EXERCISE PROMPT: Give back the lines below exactly, but do not include any pictures.

RAW DATA:

/---

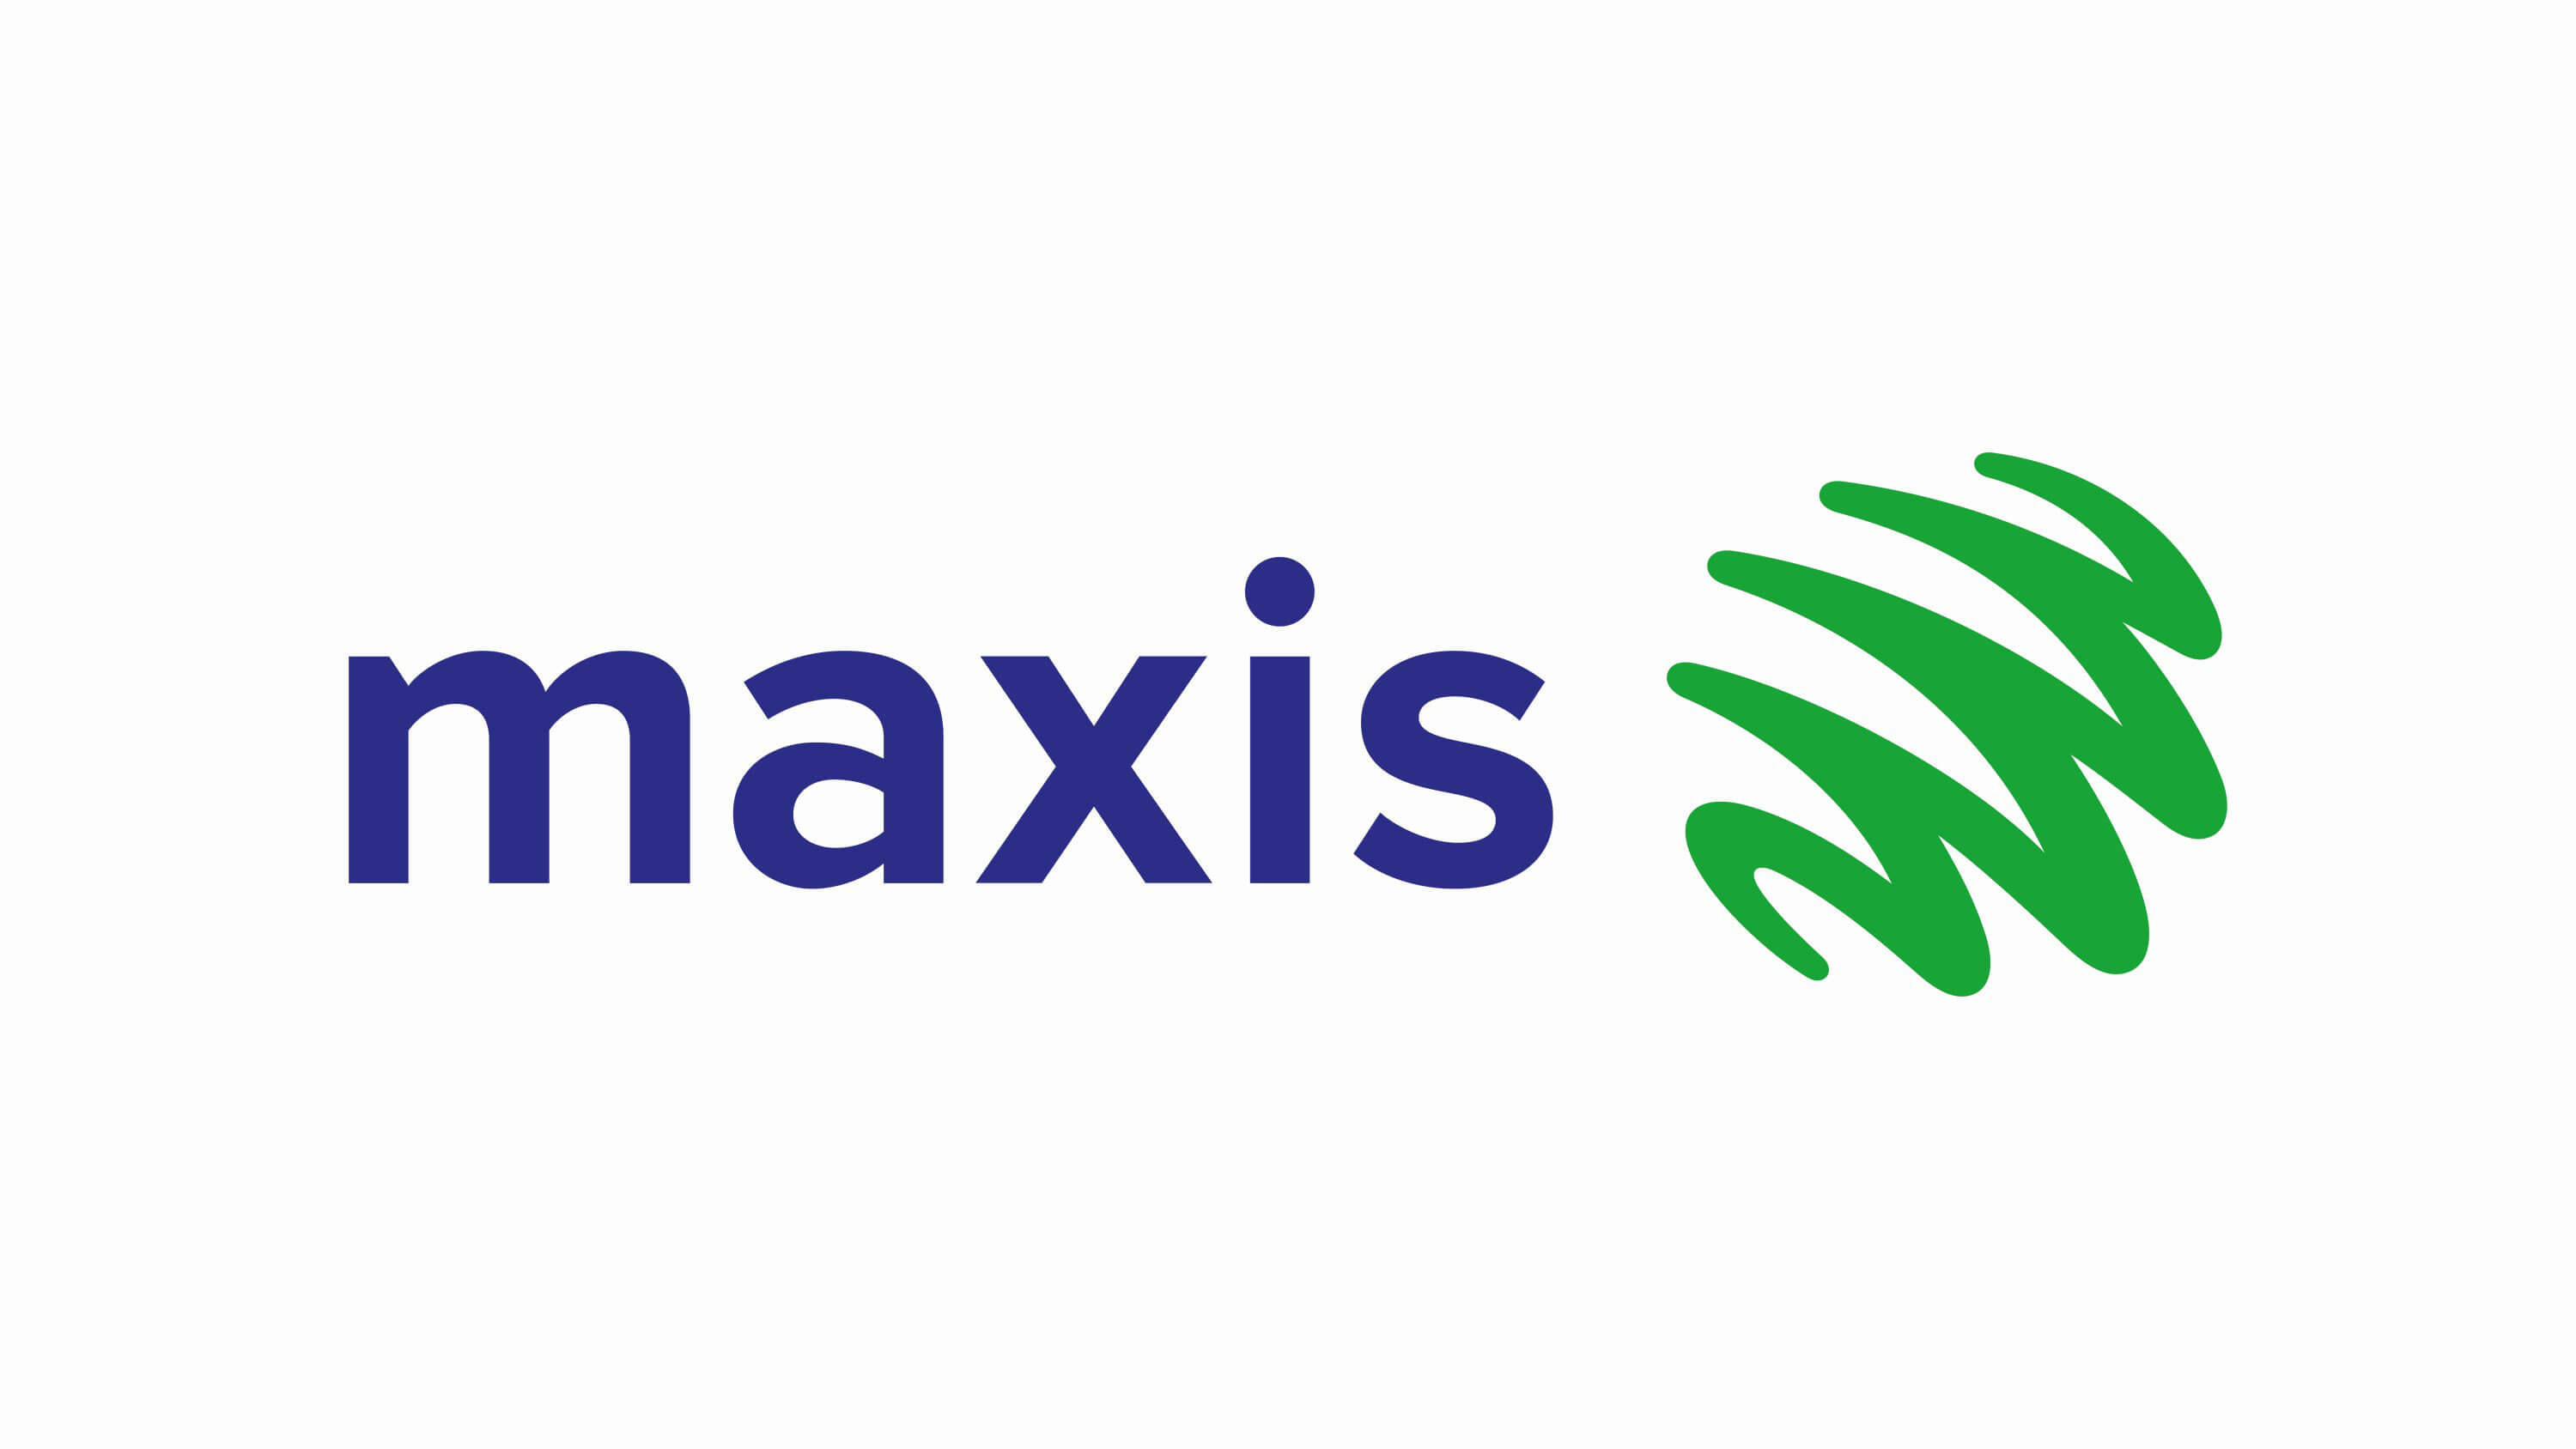 Maxis closes FY2022 with steady growth across all segments
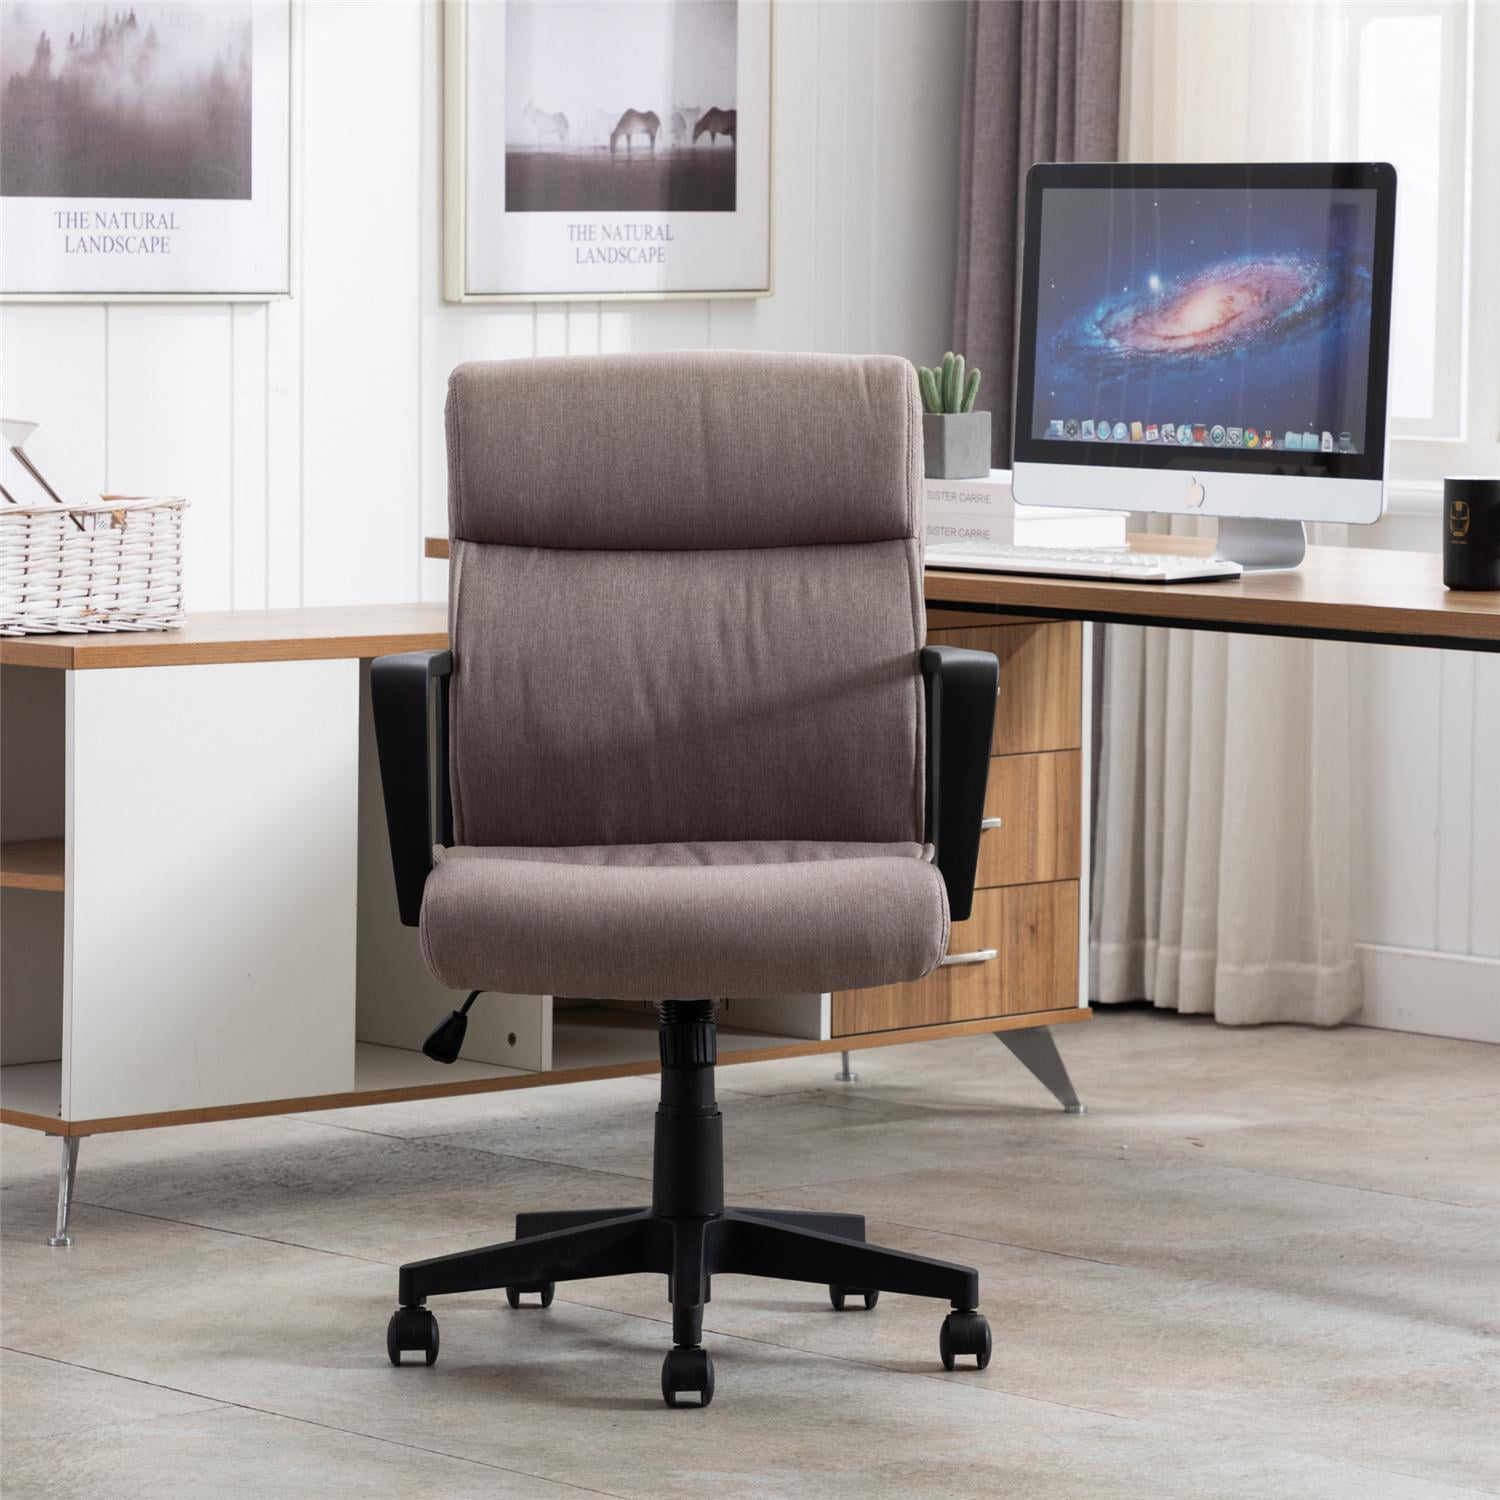 Ergonomic Swivel Home Office Chair, Spring Cushion Mid Back Executive
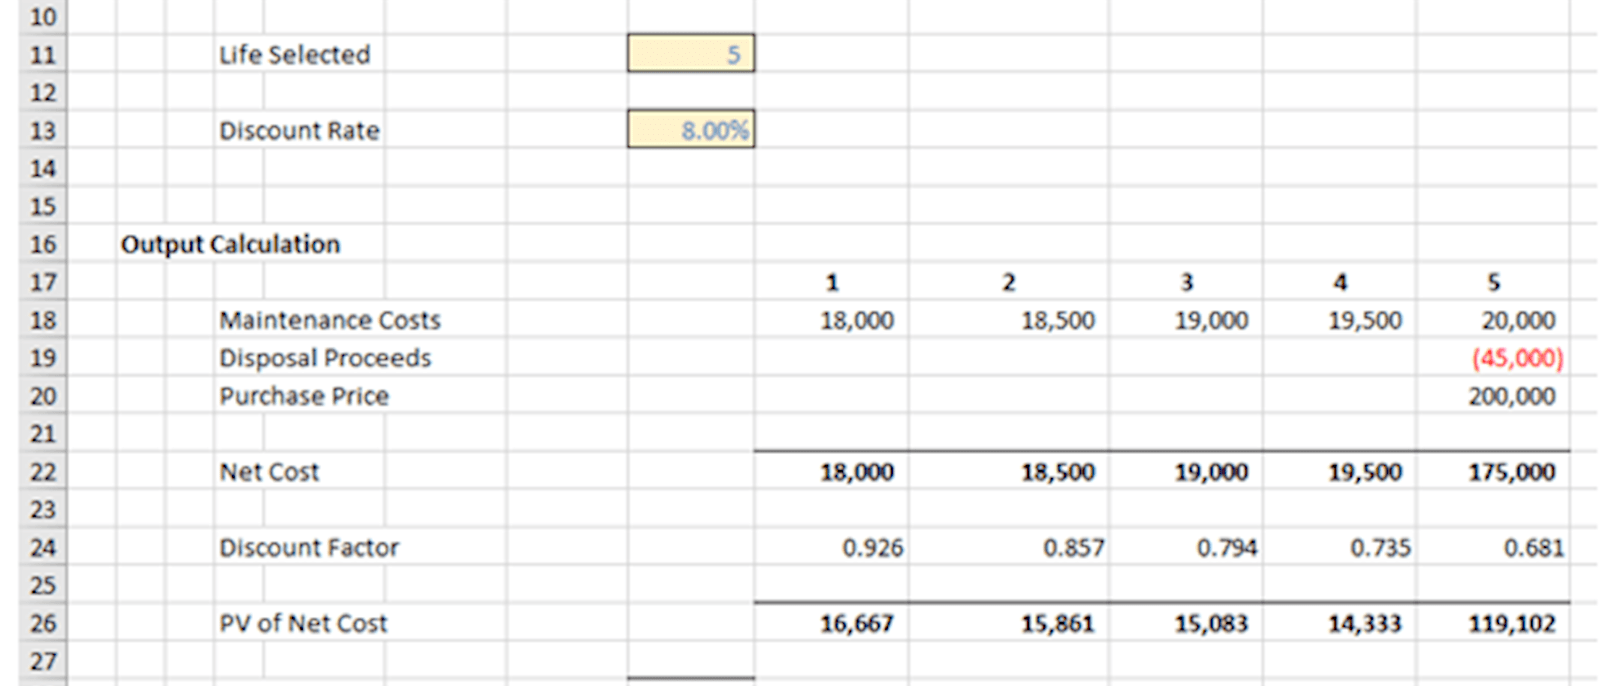 image of 5 years calculation of net present value

\---

EXPECTED ANSWER:
 Maxis closes FY2022 with steady growth across all segments
 Ergonomic Swivel Home Office Chair, Spring Cushion Mid Back Executive
 image of 5 years calculation of net present value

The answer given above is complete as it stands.